Garrett Hedlund: «Credo che la gente, come me, tenda a idealizzare molto quel periodo e si lasci affascinare dalla libertà e dalla passione che animava quegli Autori. E dalla ricerca di una vita piena, vissuta con intensità, senza mai accontentarsi della routine e delle piccole stabilità quotidiane».

BM: Nel suo futuro prossimo c’è un altro importante film: Inside Llewyn Davis dei fratelli Coen, che tra l’altro sono del Minnesota come lei…
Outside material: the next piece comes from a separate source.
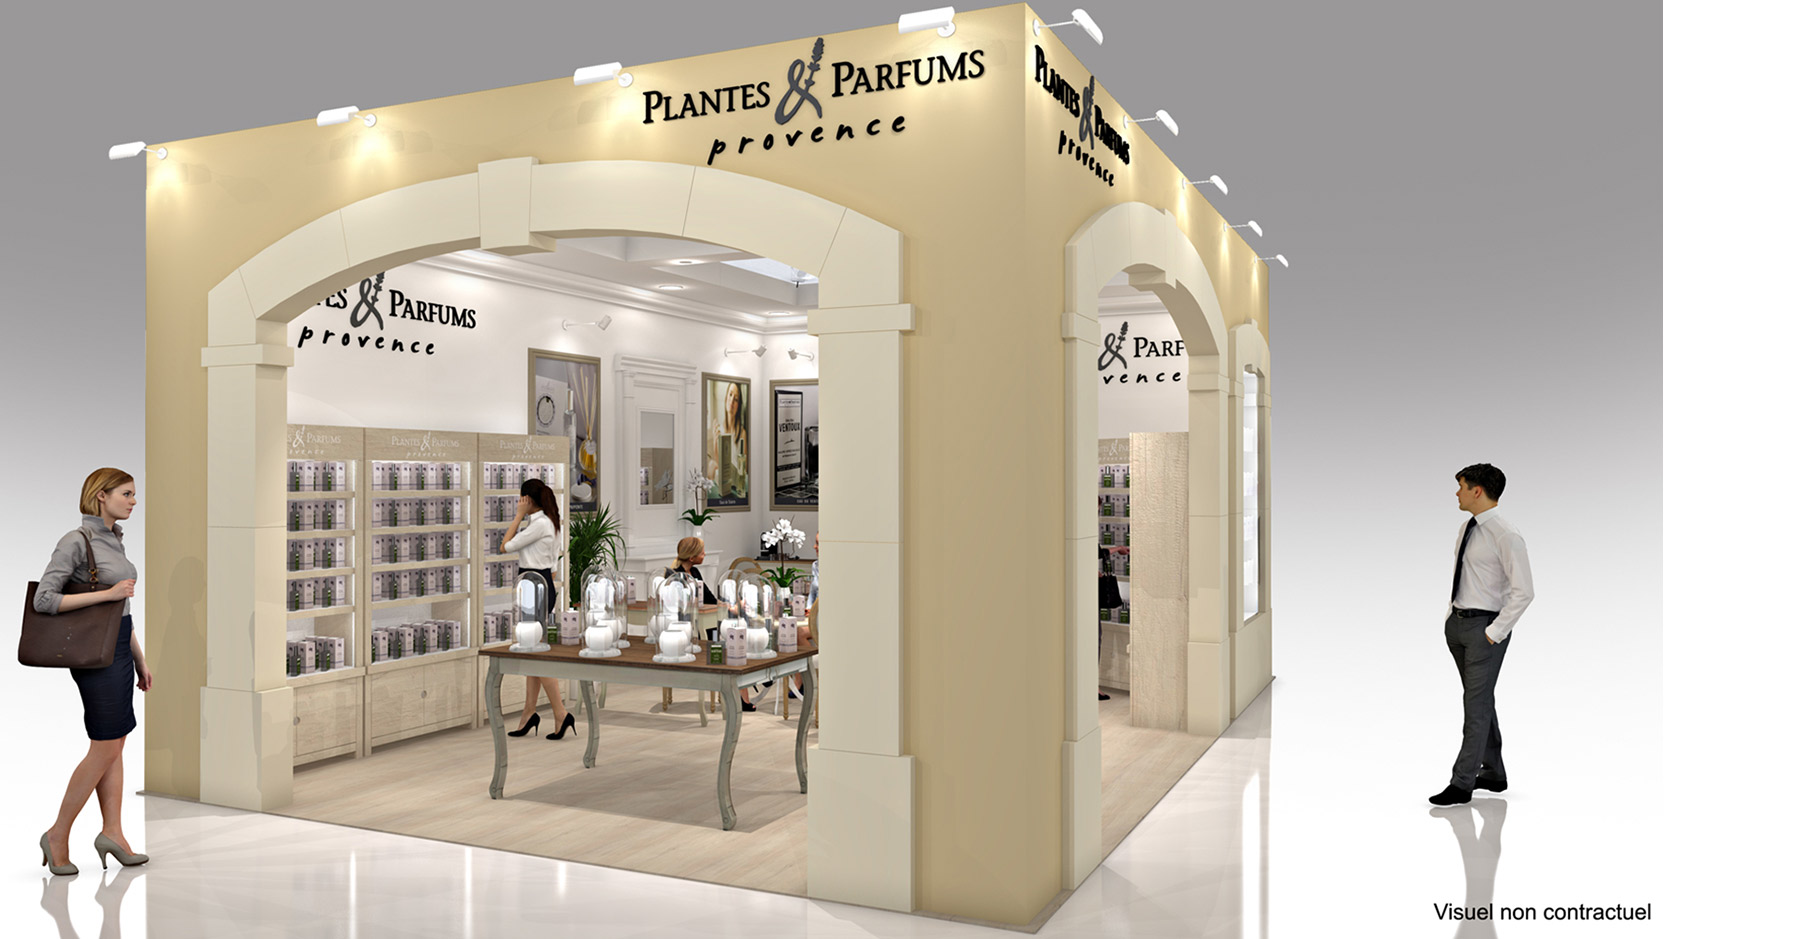 3D Render of Plantes & Parfum booth

Garrett Hedlund: «Sì, è il mio piccolo Minnesota Dream! (ride) Si tratta di un ruolo piccolo ma divertente. Dove, tra glia latri, lavoro al fianco di Oscar Isaac, che è uno dei miei migliori amici e John Goodman, con il quale avevo già lavorato sei anni fa in Death Sentence: facevamo padre e figlio. In una scena siamo noi tre in macchina; quando la giravamo ho pensato: “Non ci credo, sono qui con due miei cari amici diretto dai fratelli Coen”».

BM: Mi ricorda qualcosa… (in On the Road ci sono molte scene con Hedlund, Sam Riley e Kristen Stewart in macchina)
Garrett Hedlund: «Anche a me. (ride) Tra l’altro Inside Llewyn Davis è ambientato nel 1961, non molto distante da On the Road. Siamo in piena scena folk, al Greenwich Village, tra le note di Bob Dylan».
(arriva Walter Salles che si avvicina a Hedlund e lo abbraccia)
«Scusate se interrompo questo momento così intimo»
(Hedlund mi guarda e sorride)
«Perdonalo, ieri sera ha un po’ esagerato».